One recent research report evaluated open data portals for the “quality of data, ease of use, and availability of metadata” across many transportation agencies and found wide variations that highlighted the need for DOTs to improve data management and access to a more standardized and accessible benchmark for “ubiquitous audience”.  The report highlighted the best evaluated portal and its qualities but did not provide a guide for replicating the portal.

 

Finally, a NCHRP report on the effect of digitization on DOTs, which included a DOT survey, published in 2020 highlighted the need for new research or synthesis on “best practices of enterprise data warehouse management”. 

 

Research Objective

This research is intended to develop a guidebook on data warehouse implementation to support efficient use, sharing, and reporting of data and address transportation agency business needs. The deployable product from this research is a best practice guide for departments of transportation (DOT) to use in guiding the development and implementation of an enterprise data warehousing strategy that encompasses data in structured (tabular), semi- or un-structured (non-tabular), and geospatial file formats (includes geometry).

 

This study should broadly consider the needs of the state DOTs and provide guidance to assess data warehouse opportunities across the business needs within an organization and the strategies used to develop, implement, and integrate the use of data warehouses.
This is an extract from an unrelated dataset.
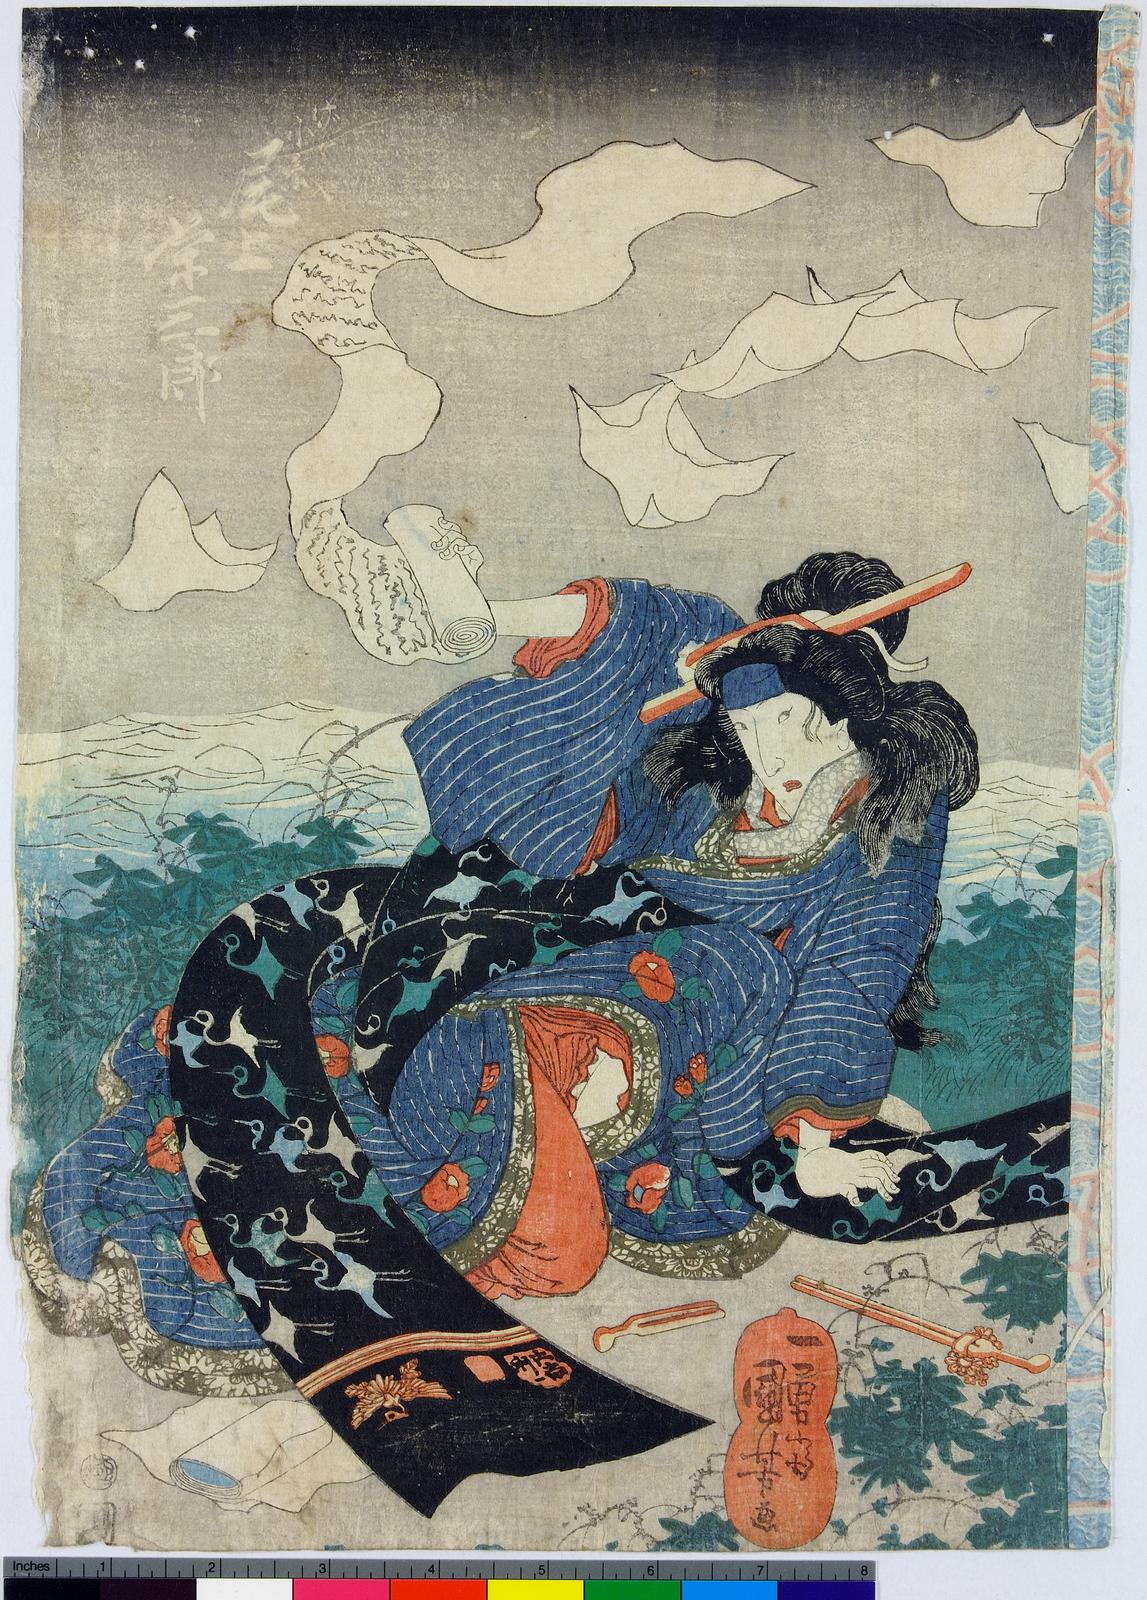 File:Diptych print (BM 1906,1220,0.1123).jpg - Wikimedia

It is expected that the guidance will address data in structured (tabular), semi- or un-structured (non-tabular), and geospatial formats.

 

The product should provide guidance on:

           Strategies to assess current data warehouse capabilities and opportunities.

           A glossary of terms that provides definitions of terms and operating procedures keeping in mind diverse operational contexts in different state DOTs.

           Identification of essential data warehouse capabilities (input, access, cybersecurity/permission management, privacy, data quality, etc.)

           The data management strategies and technology needed to provide capabilities for the development and implementation of data warehouses.

           Factors critical for the adoption of data warehouses by agencies and the business functions the warehouse supports. This is anticipated to include surveys or interviews with state DOT Chief Data Officers or equivalent, as well as business domain experts for defining reporting and analytical requirements.

 

Urgency and Potential Benefits

Data resources have been developed by independent business areas to meet their needs that has often resulted in data silos and challenges in data access for analysis and/or effective and timely decision making. Business practices have evolved to become more interdisciplinary which is increasing the need to access data across business units. Data warehousing provides a cost-effective strategy to align and access cross-organization data resources. Data warehouses support efficient analysis and reporting by providing a single and stable source of integrated data that is commonly needed by decision makers. With limited resources for data management, data warehouses provide a cost-effective means to support the multifaceted needs of our state DOTs.

 

Benefits of data warehousing includes:

           Daily decision making is positively impacted by improving data quality and increasing accessibility and security through using inventory best practices.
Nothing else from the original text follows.